• _Data block_
┄┄┄┄┄┄┄┄┄┄┄┄┄┄┄┄┄┄┄┄

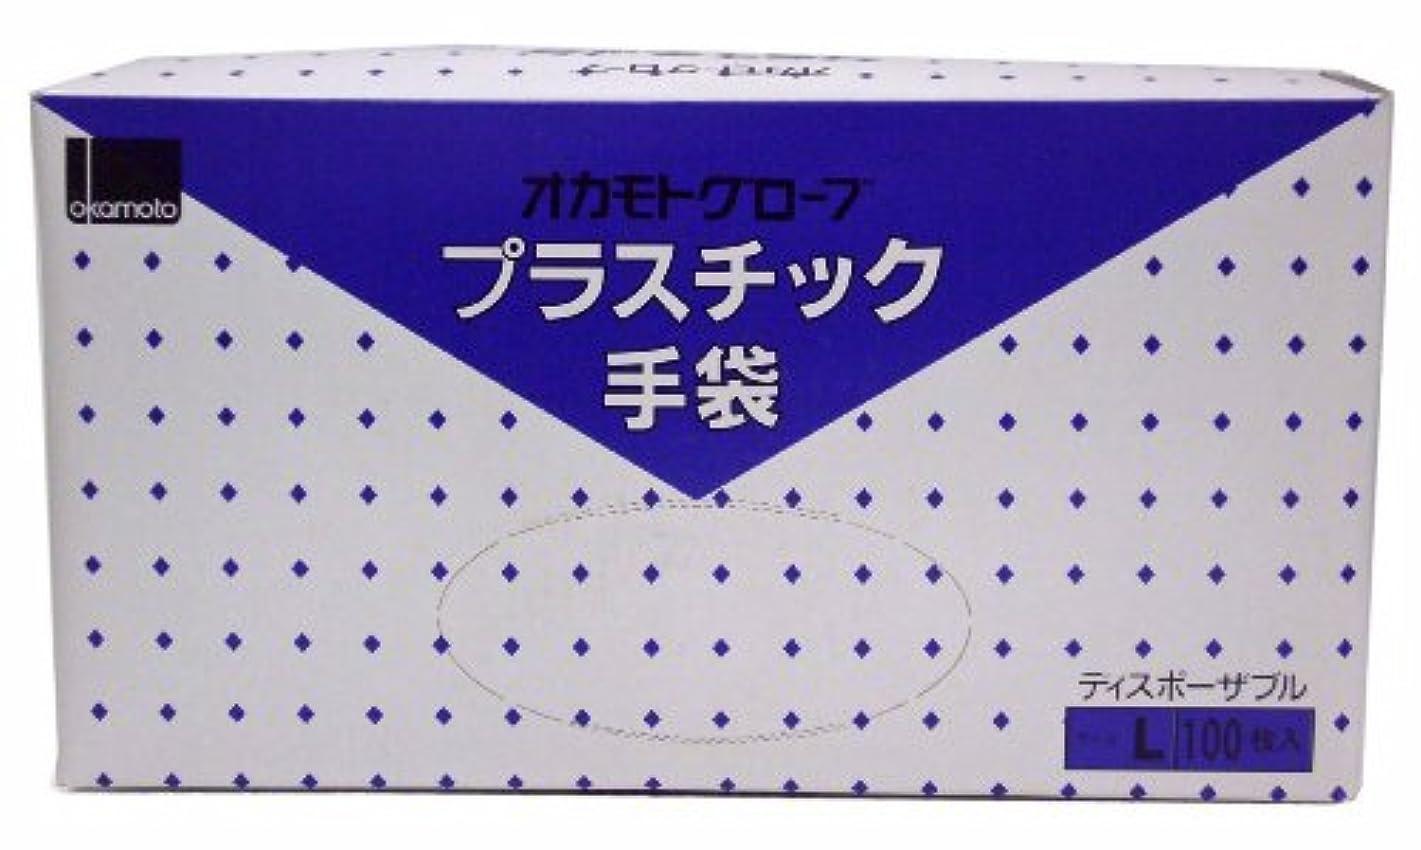 受け入れたバングラデシュロッカーオカモトグローブ プラスチック手袋 L 100枚入
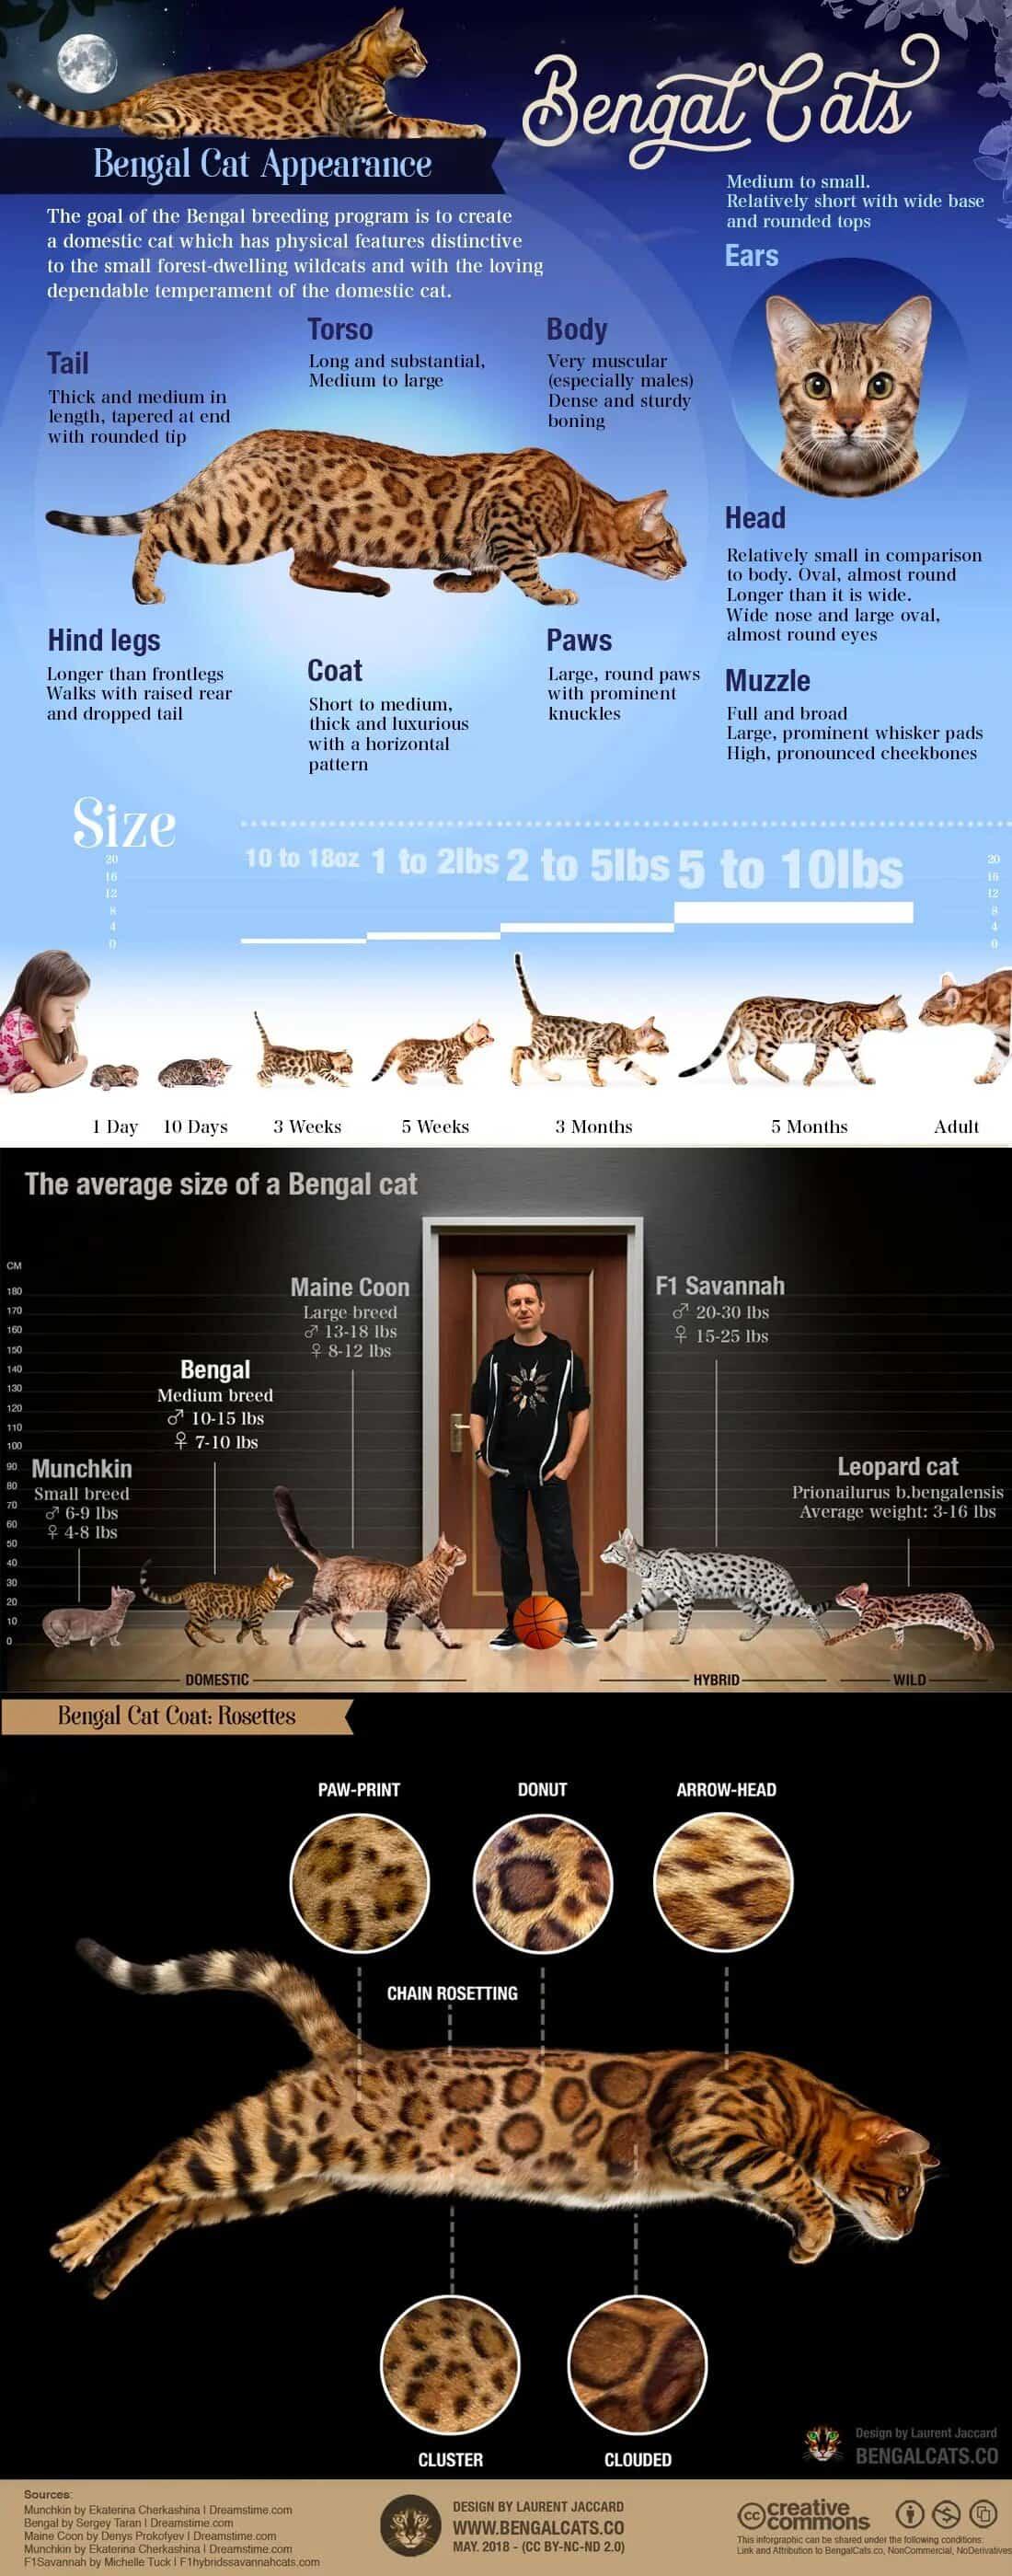 Bengal Cat Breed Characteristics
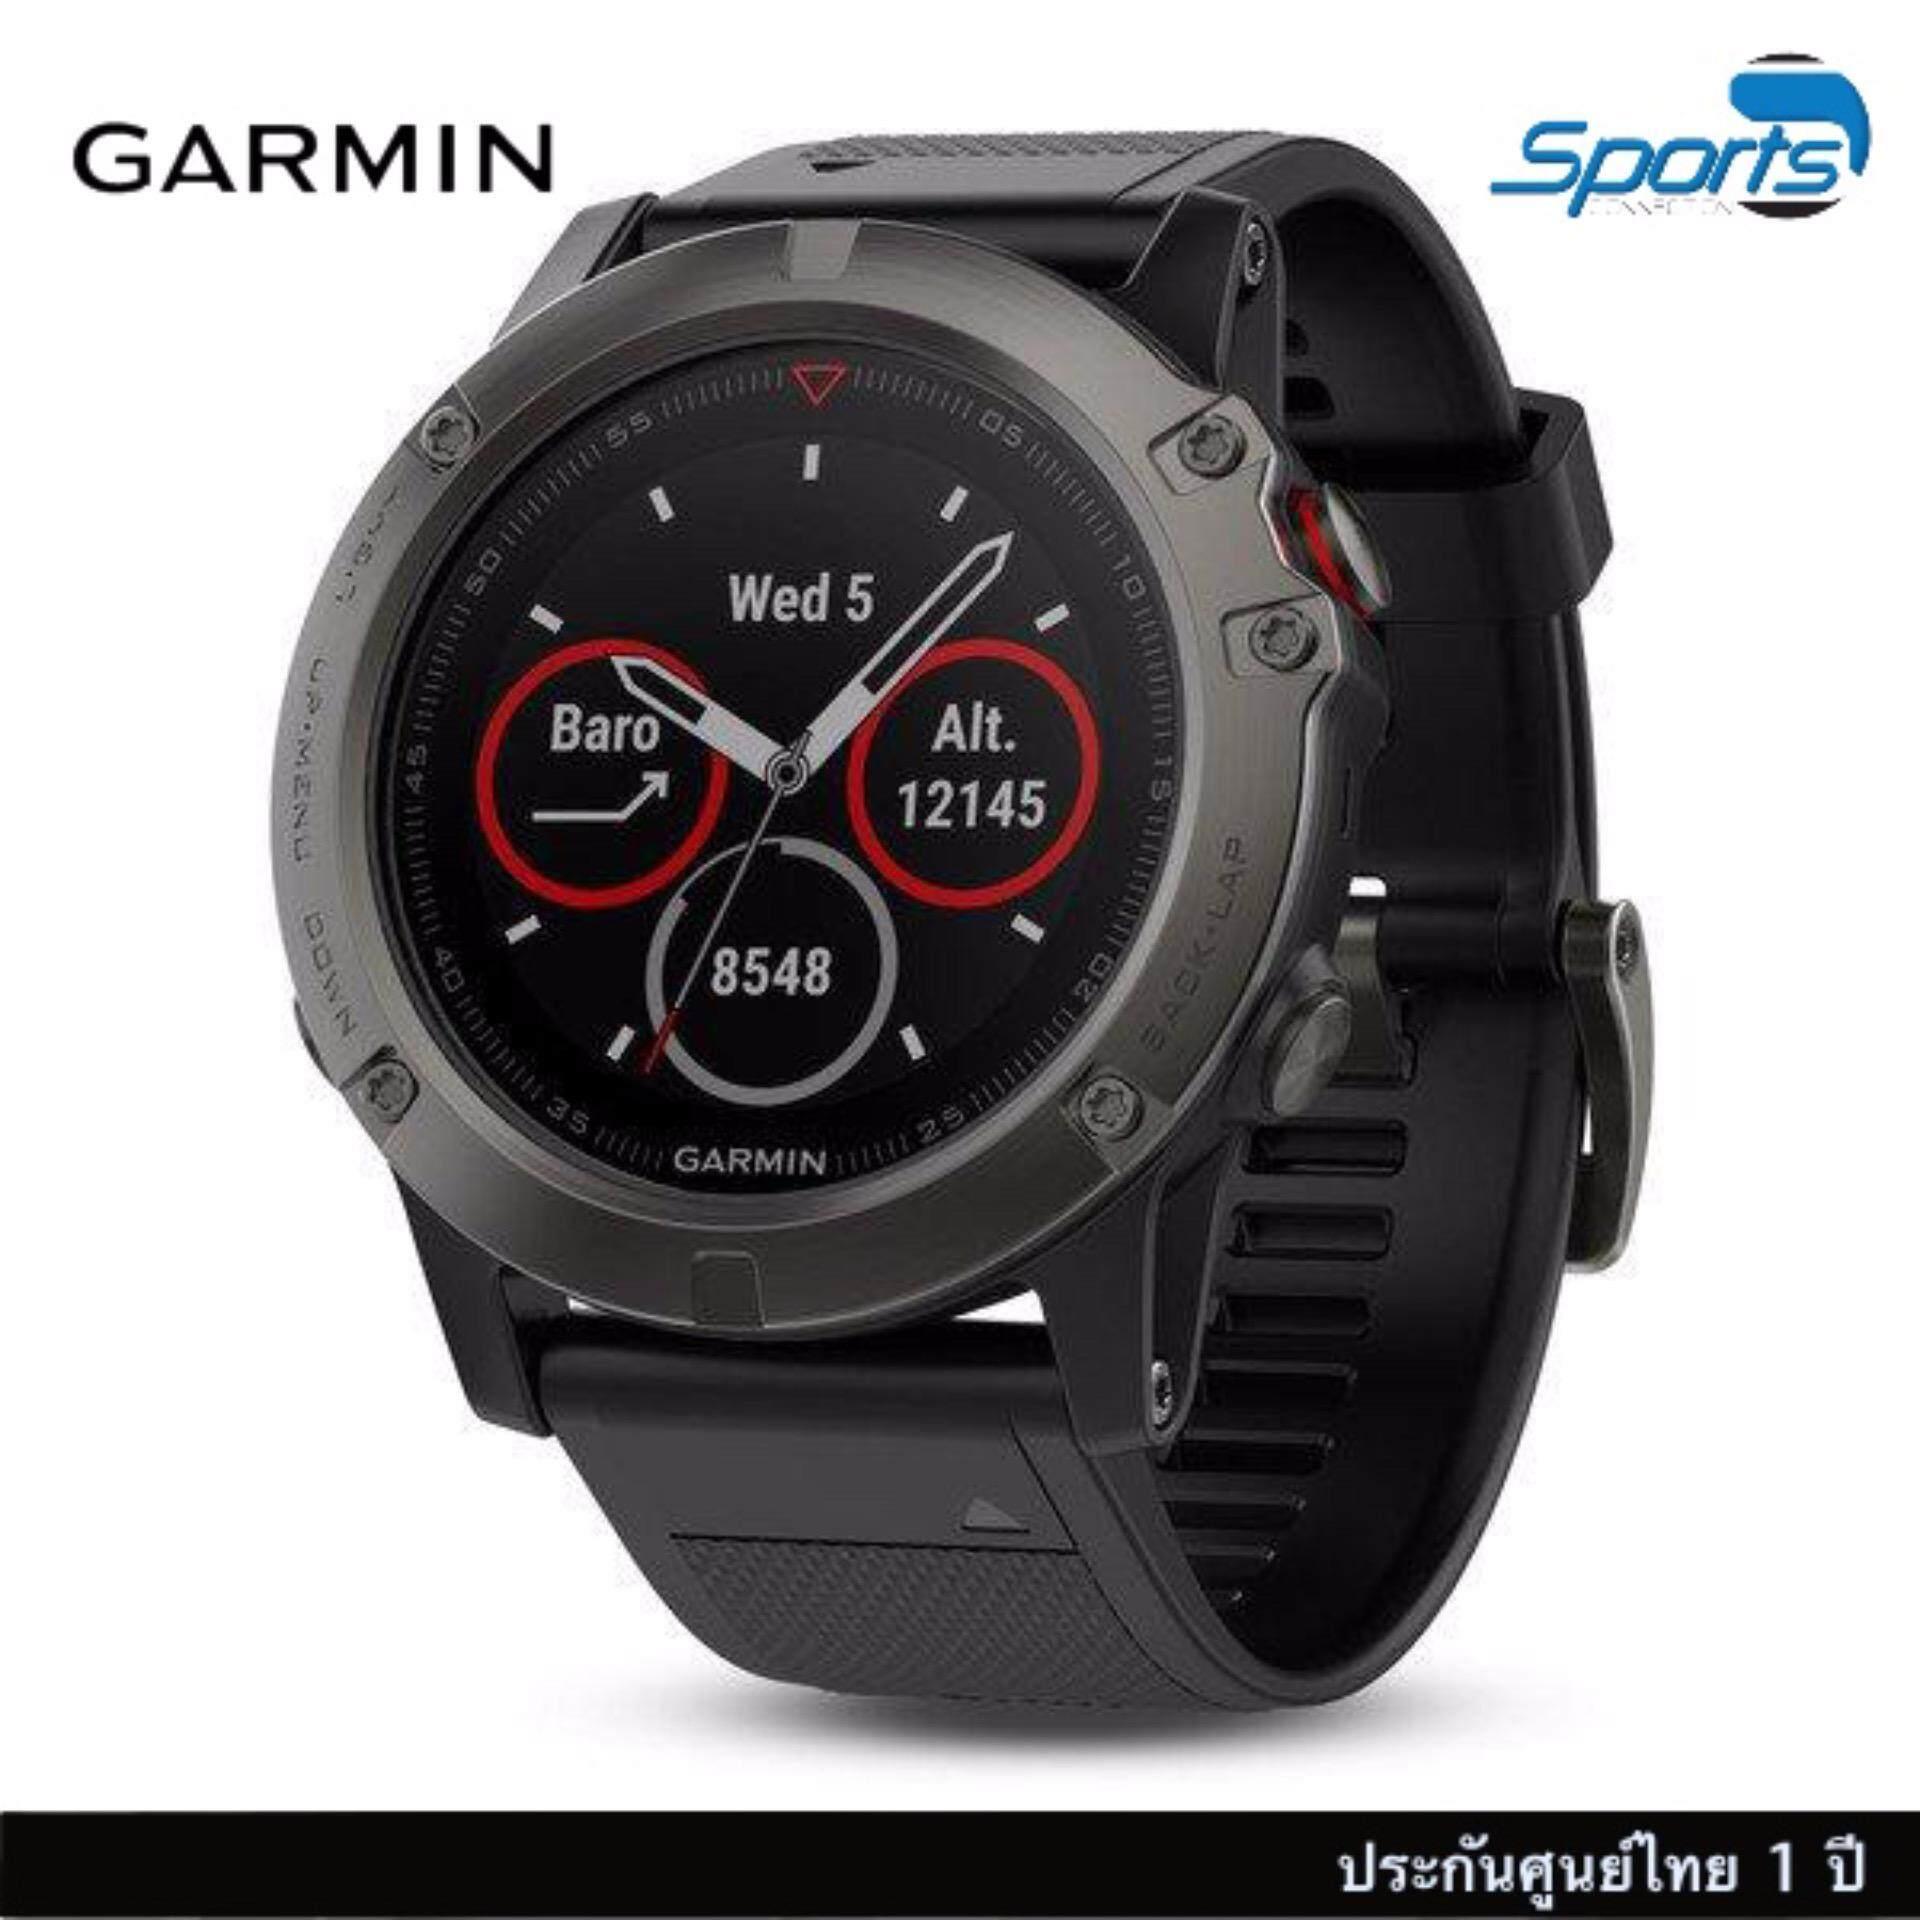 สอนใช้งาน  แพร่ Garmin  5X Slate Gray Sapphire with Black Band นาฬิกาข้อมือ GPS มัลติสปอร์ตพร้อมคำแนะนำแผนที่สีสันครบถ้วน

┄┄┄┄┄┄┄┄┄┄┄┄┄┄┄┄┄┄┄┄

• _What to produce_
The expected output is the full material above, unaltered, with pictures removed.

• _Your solution_
 受け入れたバングラデシュロッカーオカモトグローブ プラスチック手袋 L 100枚入
 Bengal Cat Breed Characteristics
 สอนใช้งาน  แพร่ Garmin  5X Slate Gray Sapphire with Black Band นาฬิกาข้อมือ GPS มัลติสปอร์ตพร้อมคำแนะนำแผนที่สีสันครบถ้วน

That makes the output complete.